Credit rating agency CRISIL on Thursday downgraded the debt instruments of eight public sector banks (PSBs) – Bank of India, Central Bank of India, Corporation Bank, Dena Bank, IDBI Bank, Indian Overseas Bank, Syndicate Bank and UCO Bank.
Credit rating agency CRISIL on Thursday downgraded the debt instruments of eight public sector banks (PSBs) – Bank of India, Central Bank of India, Corporation Bank, Dena Bank, IDBI Bank, Indian Overseas Bank, Syndicate Bank and UCO Bank. It also revised the outlook on five others – Bank of Baroda, Andhra Bank, Canara Bank, Punjab National Bank and Punjab & Sind Bank – from ‘stable’ to ‘negative’.

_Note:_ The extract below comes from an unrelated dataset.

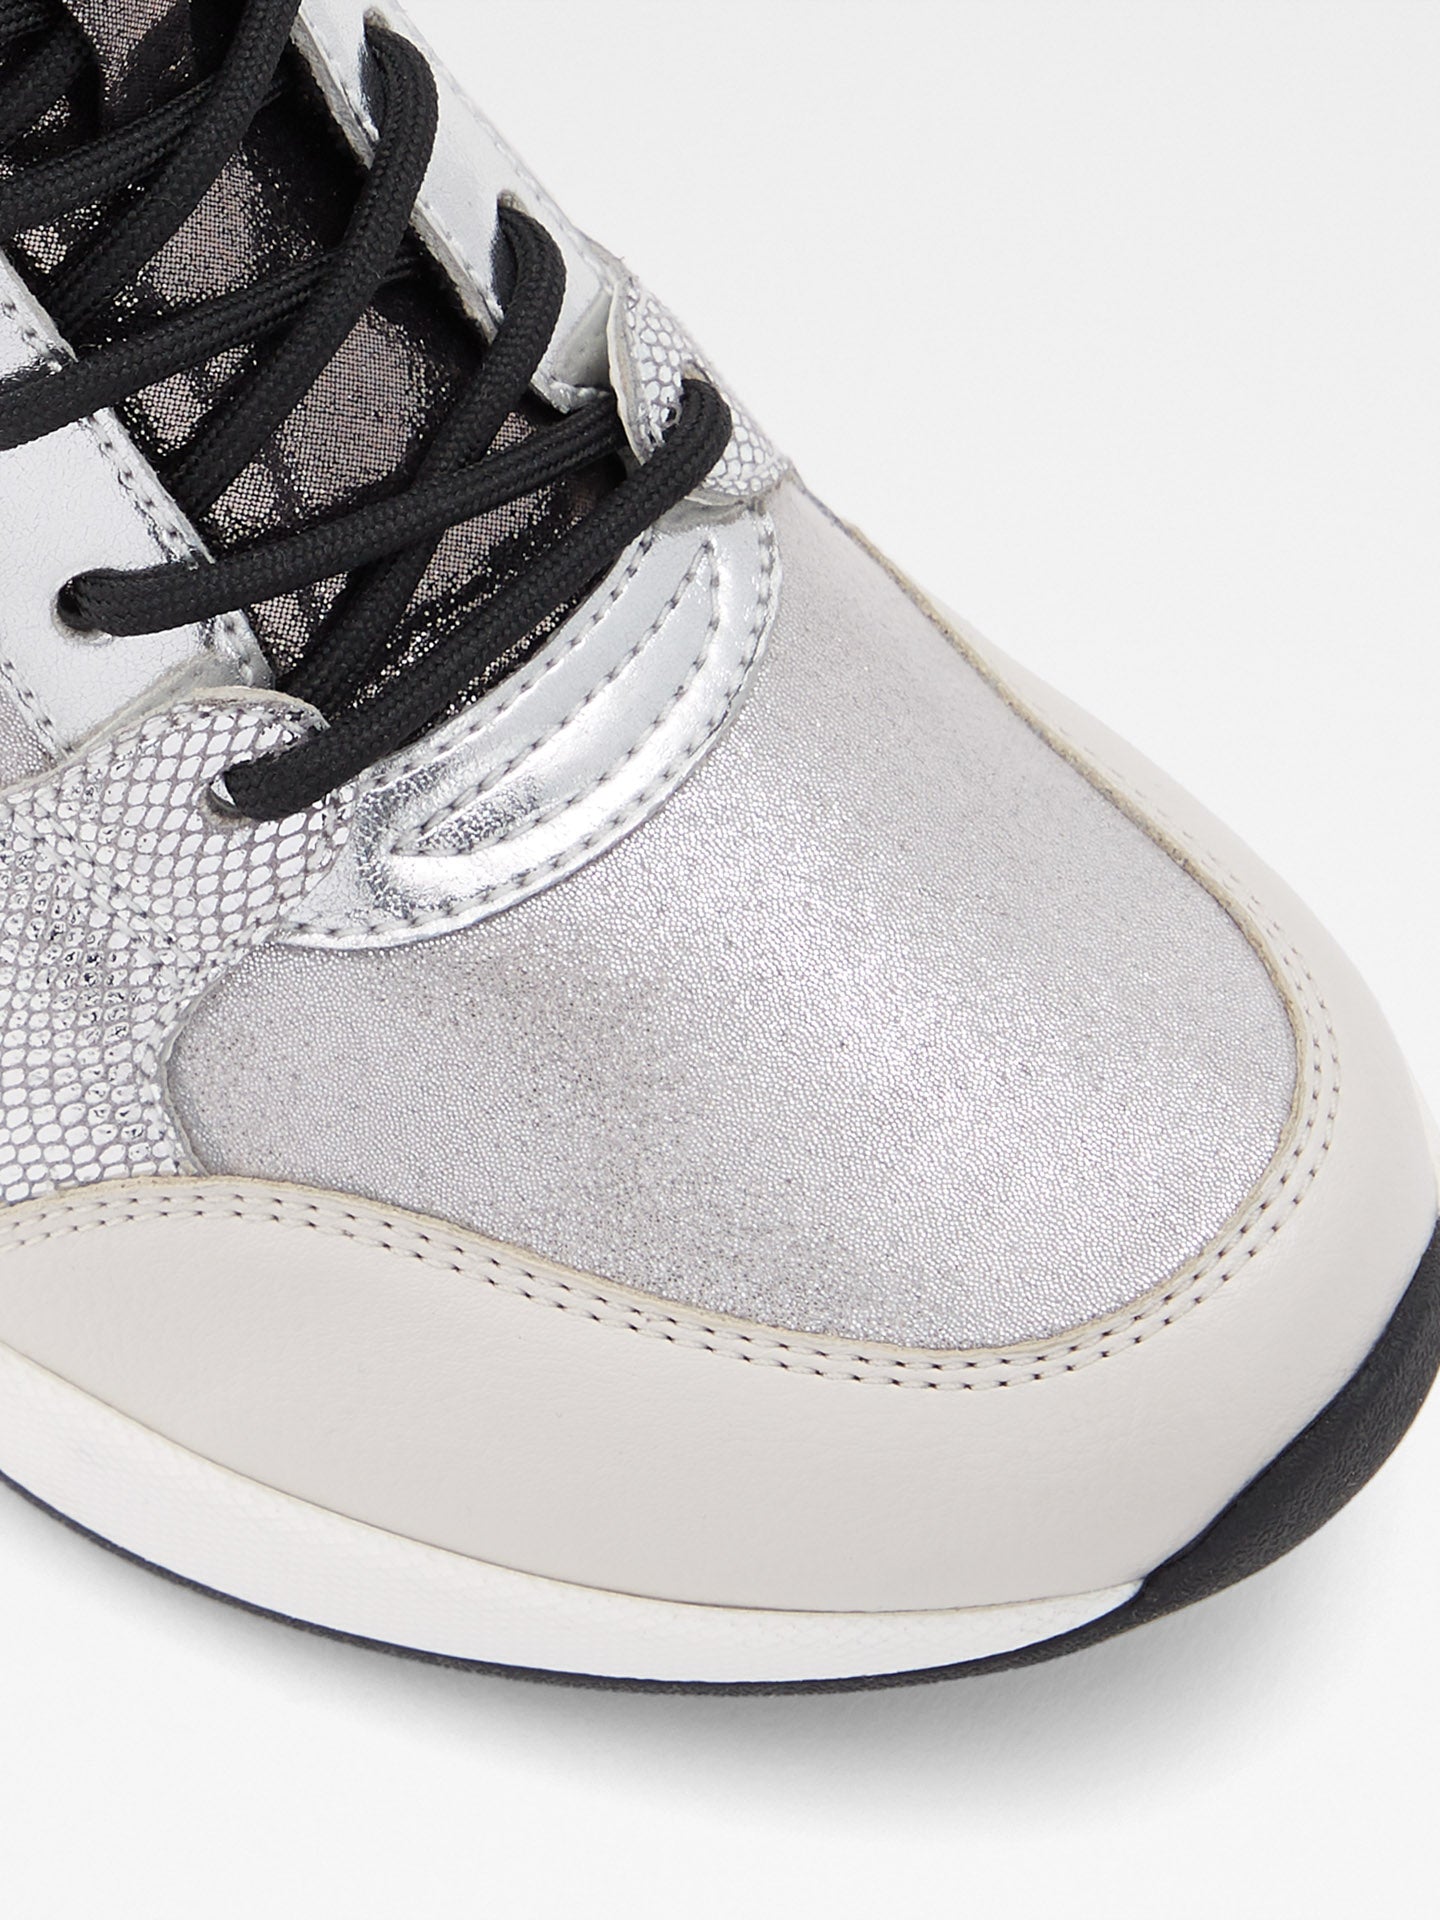 aldo gray shoes

While Bank of India has been downgraded from AAA with a negative outlook to AA+ with a negative outlook, Central Bank of India has been downgraded from AA with a negative outlook to AA- with a negative outlook. Similarly, Corporation Bank has been downgraded from AA+ with a stable outlook to AA with a negative outlook, Dena Bank from AA+ with a negative outlook to AA- with a negative outlook, IDBI Bank from AA+ with a negative outlook to AA with a negative outlook, Indian Overseas Bank from AA- with a negative outlook to A+ with a negative outlook and UCO Bank from AA+ with a negative outlook to AA with a negative outlook.
Syndicate Bank, on the other hand, while being downgraded from AA+ with a stable outlook to AA, has also been placed on ‘watch negative’.
Giving its rationale for the downgrades, the rating agency noted, “Significant stress in the corporate loan book of PSBs is expected to result in their weak assets ballooning to Rs 7.1 lakh crore by March 31, 2017 from around Rs 4 lakh crore as on March 31, 2015.” CRISIL also noted that it “expects slippages to NPAs to remain high driven by stretched cash flows of highly leveraged corporates, mainly in sectors such as infrastructure, metals and real estate; continued proactive recognition of stressed assets by banks; and limited ability of banks in the current environment to recover from exposures to large corporates that have slipped into NPAs.
CRISIL doesn’t expect the recent move by Reserve Bank of India (RBI) to allow banks to recognise several assets like revaluation reserves as common equity tier 1 (CET1) capital, and the government’s Indradhanush plan to infuse Rs 70,000 crore into PSBs over the next four years, ‘sufficient’ since the tier 1 capital requirement for PSBs 2019 has risen due to a decline in profits.
Last week, RBI had revised its regulations and allowed banks to recognise 45% of their revaluation reserves, 75% of their foreign currency translation reserves (FCTR) and deferred tax assets (DTAs) related to timing difference up to a maximum of 10%, as CET1 capital.
As per estimates, it had freed up capital in excess of R25,000 crore and reduced PSBs’ need to raise fresh capital to adhere to RBI’s capital adequacy norms.